Шрифт:
Интервал:
Закладка:
– Спасибо…
Следователь озадаченно почесал голову.
– Ну дела…
– Вы меня теперь отпустите? – Настя в упор посмотрела на милиционеров.
Милиционеры переглянулись между собой.
– И что мы будем с ней делать?
– Простить и отпустить. – Девушка усмехнулась.
– Ну-у… – молодые мужчины развели руками.
– И ведь у нас нет статьи, чтобы ее задержать! – несчастный следователь едва не плакал. – И мы даже не думали, что подобное вообще может когда-либо случиться!..
– Мелкое хулиганство? – второй милиционер подмигнул.
– Ты называешь это мелким хулиганством? Витя! Это ни черта не мелкое хулиганство!

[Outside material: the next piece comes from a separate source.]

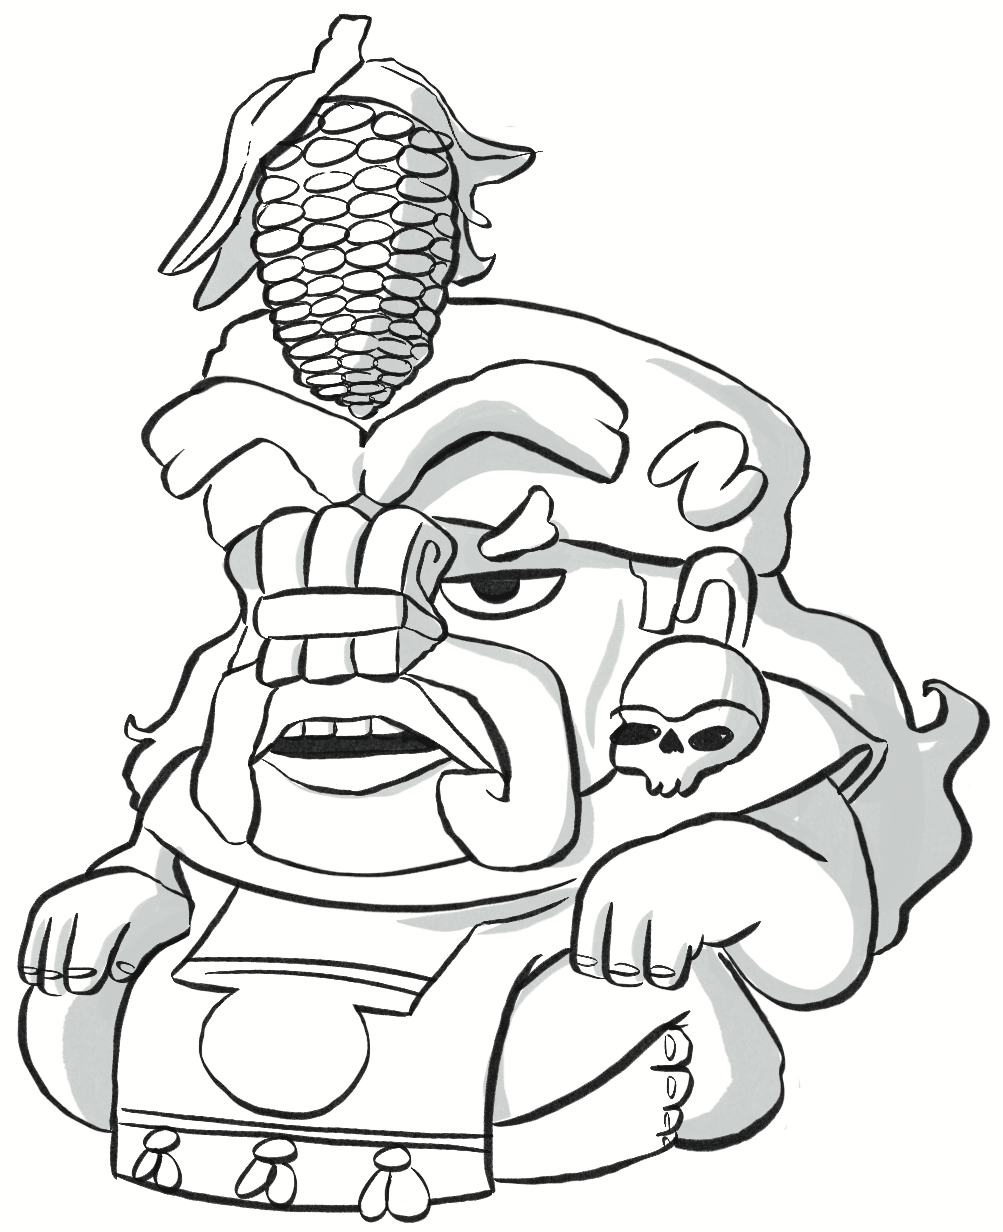 Corn God

Это хуже!..
– Вы все-таки святую инквизицию позовите, – парировала Анастасия, – облегчите жизнь и себе, и мне.
– Помолчи, девушка! – цыкнул на нее следователь. – Тебя пока никто не спрашивает!
Настя пожала плечами и устремила взгляд куда-то вверх. На абсолютно белоснежном потолке проявились первые черные пятна. Через считанные секунды штукатурка покрылась гнилью словно после сезона проливных дождей. Со стен посыпалась краска, накрывая идеальный чистый пол строительным мусором. Молодые люди в милицейской форме не заметили резких перемен, продолжая спорить между собой. Анастасия нахмурилась – ее преследователи растворились подобно видению, и на их место пришли былые пустота и гробовая тишина.
Медсанчасть №126 (МСЧ 126)
Я перевела дух. Повторное перемещение прошло в очередной раз по маслу. В пустующем морге царит гробовая тишина, прерывая лишь редкими падающими с потолка каплями воды. Под ногами хрустит стекло из выбитых кем-то окон. Нужно воспользоваться кратковременной паузой, вытянуть вперед замерзшие от недолгого пребывания на морозе руки и призвать свой Дар. Мрак уже пустил свои длинные, похожие на сигаретный дым, отростки по промерзшему от зимнего холода полу, поглощая плитку и мелкие трещинки. Через считанные секунды небольшое помещение проглотила чернота.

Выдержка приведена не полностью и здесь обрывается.